Question

How do you evaluate ${\log _{81}}9$?

Answer 1

Hint: This problem deals with logarithms. This problem is rather very easy and very simple, though it seems to be complex. In mathematics logarithms are an inverse function of exponentiation. Which means that the logarithm of a given number x is the exponent to which another fixed number, the base b, must be raised, to produce that number x.
If given ${\log _b}x = a$, then $x$ is given by :
$ \Rightarrow x = {b^a}$
In order to solve this problem basic formulas of logarithms are used here, such as:
$ \Rightarrow \log a - \log b = \log \left( {\dfrac{a}{b}} \right)$
$ \Rightarrow {\log _{{a^n}}}{b^m} = \dfrac{m}{n}{\log _a}b$
$ \Rightarrow {\log _a}a = 1$

Complete step by step answer:
Here we are given with the logarithmic expression which is : ${\log _{81}}9$
Here consider that when the given expression ${\log _{81}}9$ is compared to standard notation of logarithms which is ${\log _b}x$, here :
$ \Rightarrow x = 9$
The base $b$, is given below:
$ \Rightarrow b = 81$
Now consider the value of the base $b$ which is equal to 81, this number is a perfect square.
The number 81 is a whole square of the number 9, which is given below:
$ \Rightarrow {9^2} = 81$
Now substituting this in the logarithmic expression of ${\log _{81}}9$, as shown below:
$ \Rightarrow {\log _{{9^2}}}9$
We know that if a logarithmic function is expressed in the form of ${\log _{{a^n}}}{b^m}$, then the value of the expression is equal to $\dfrac{m}{n}{\log _a}b$.
So now, applying the same formula to the expression ${\log _{{9^2}}}9$, as given below:
$ \Rightarrow {\log _{{9^2}}}9 = \dfrac{1}{2}{\log _9}9$
We know that the value of the logarithmic function of the base is the same as the number is equal to 1.
Here ${\log _9}9 = 1$
$ \Rightarrow {\log _{{9^2}}}9 = \dfrac{1}{2}$
$\therefore {\log _{81}}9 = \dfrac{1}{2}$

The value of the expression ${\log _{81}}9$ is equal to $\dfrac{1}{2}$.

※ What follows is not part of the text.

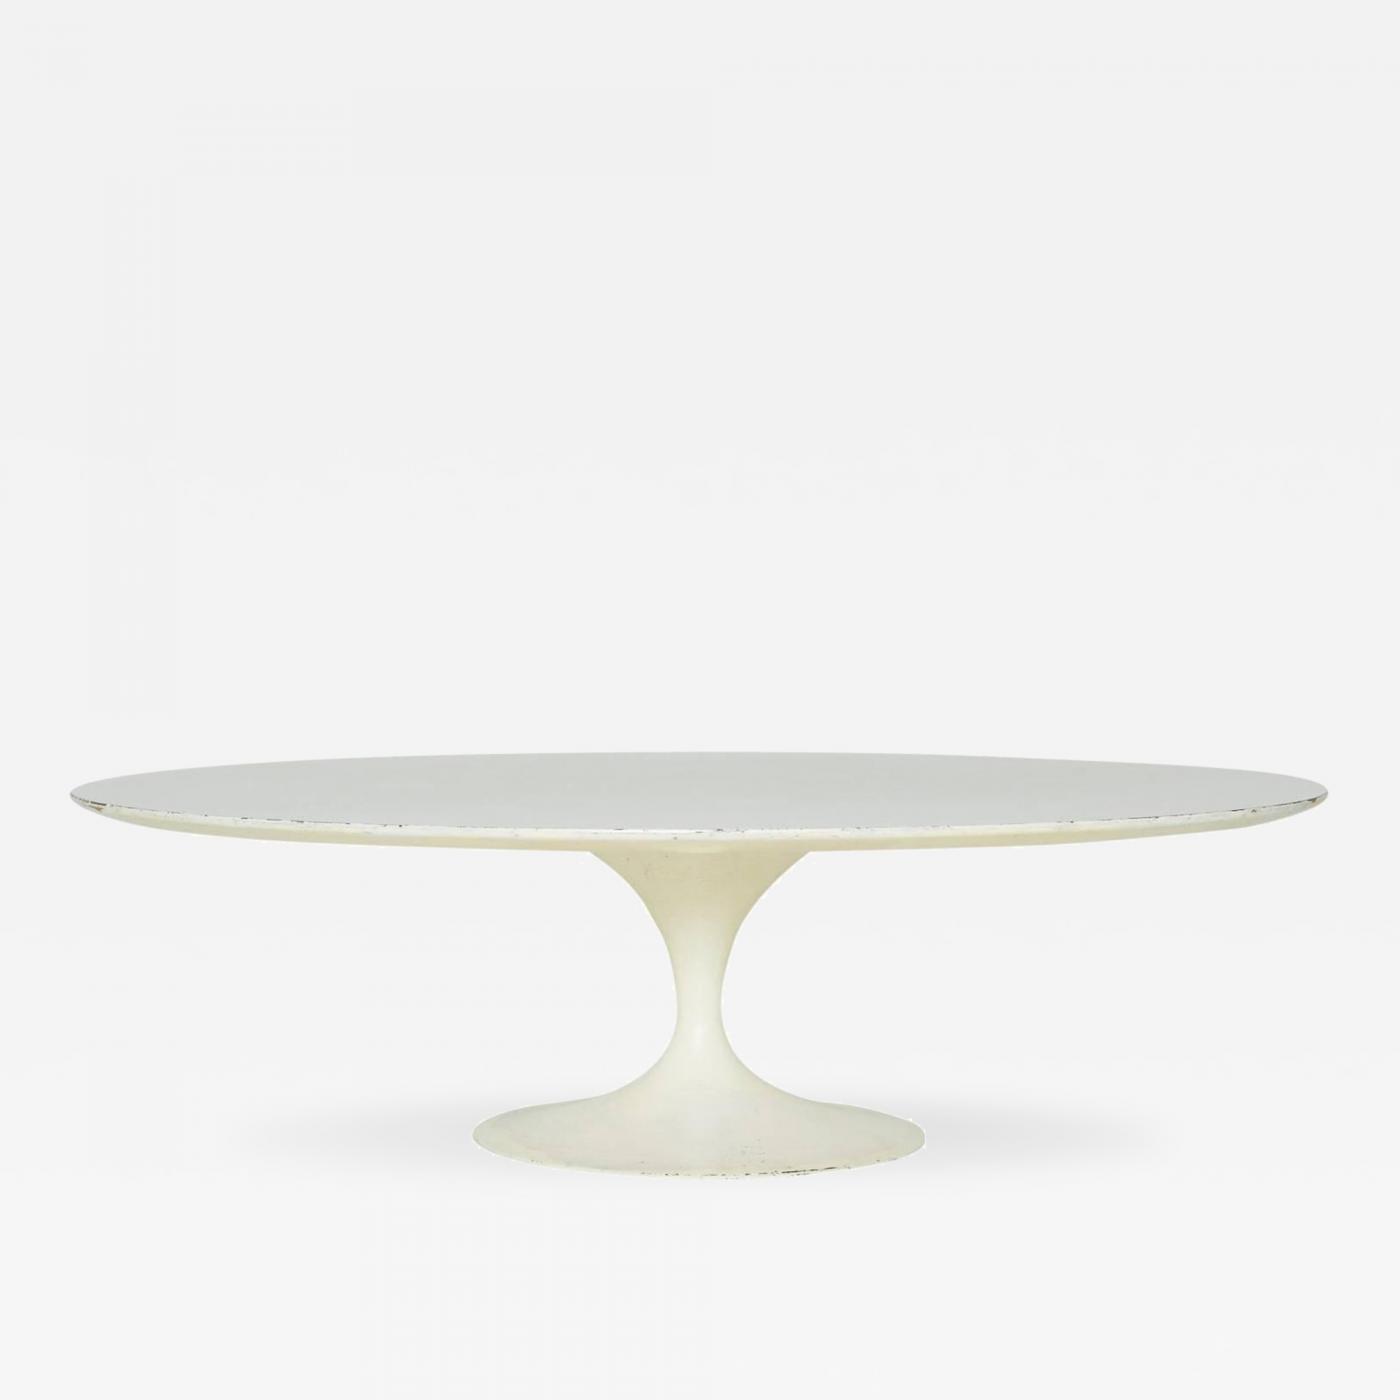 Eero Saarinen Tulip Coffee Table by Eero Saarinen for Knoll 1950 s

Note: Please note that here while solving this problem, here basic logarithmic formulas are used, few others are mentioned here. There are more important logarithmic basic formulas such as:
$ \Rightarrow {\log _{10}}\left( {ab} \right) = {\log _{10}}a + {\log _{10}}b$
$ \Rightarrow {\log _{10}}\left( {\dfrac{a}{b}} \right) = {\log _{10}}a - {\log _{10}}b$
$ \Rightarrow $If ${\log _e}a = b$, then $a = {e^b}$
Hence $a = {e^{{{\log }_e}a}}$, since $b = {\log _e}a$.